Smart Solar Energy Optimization Using AI and IoT for Real-Time Monitoring

This project explores the integration of Artificial Intelligence (AI) and Internet of Things (IoT) technologies to enhance the efficiency and predictive capability of solar energy systems. A real-time embedded monitoring system was designed using a microcontroller-based architecture to collect and process environmental and electrical data from a polycrystalline silicon solar cell.

The system integrates multiple sensors, including temperature and humidity (DHT22), light intensity (LDR), and current measurement (INA219), alongside voltage monitoring to capture key performance indicators such as open-circuit voltage and short-circuit current.
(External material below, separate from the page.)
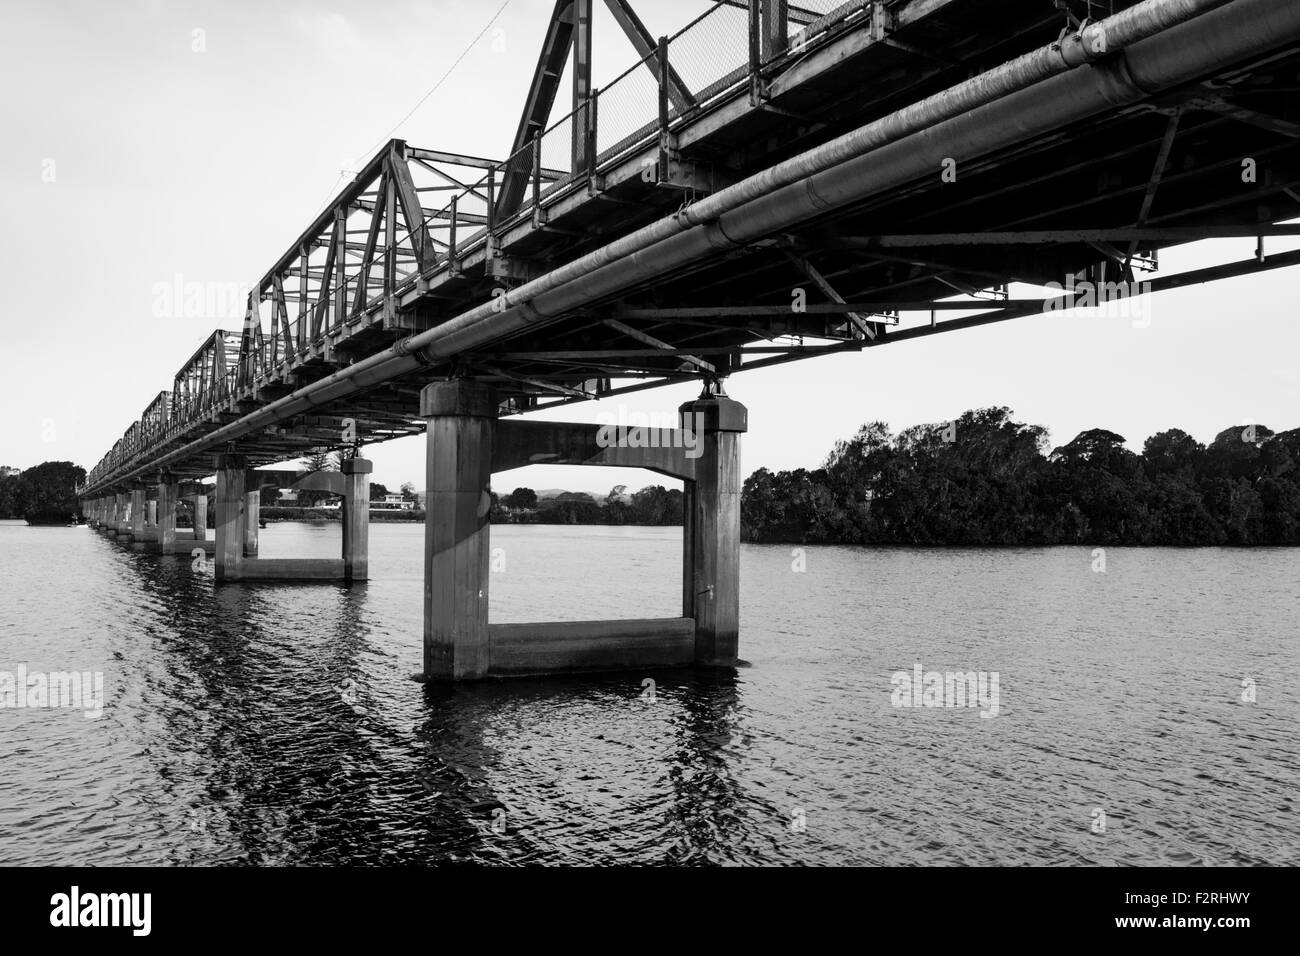 Il ponte Martin, costruito nel 1938, è un ponte stradale sul fiume Manning a Taree, nuovo Galles del Sud, Australia. Si tratta di un ponte a traliccio in acciaio di 463 m. Foto Stock

Data is stored locally via SD card and transmitted to the ThingSpeak cloud platform for real-time visualization and analysis.

Over an eight-day period, the system collected more than 57,000 readings per day, capturing detailed variations in solar performance under changing weather and lighting conditions. Machine learning models, including Random Forest and Support Vector Machines (SVM), were trained to classify weather conditions based on sensor inputs. Random Forest achieved the highest classification accuracy, while SVM showed slightly lower performance under cloudy conditions.

Overall, the research demonstrates how AI-driven analytics combined with IoT-enabled monitoring can significantly improve solar energy management, enabling smarter, more efficient, and scalable renewable energy solutions.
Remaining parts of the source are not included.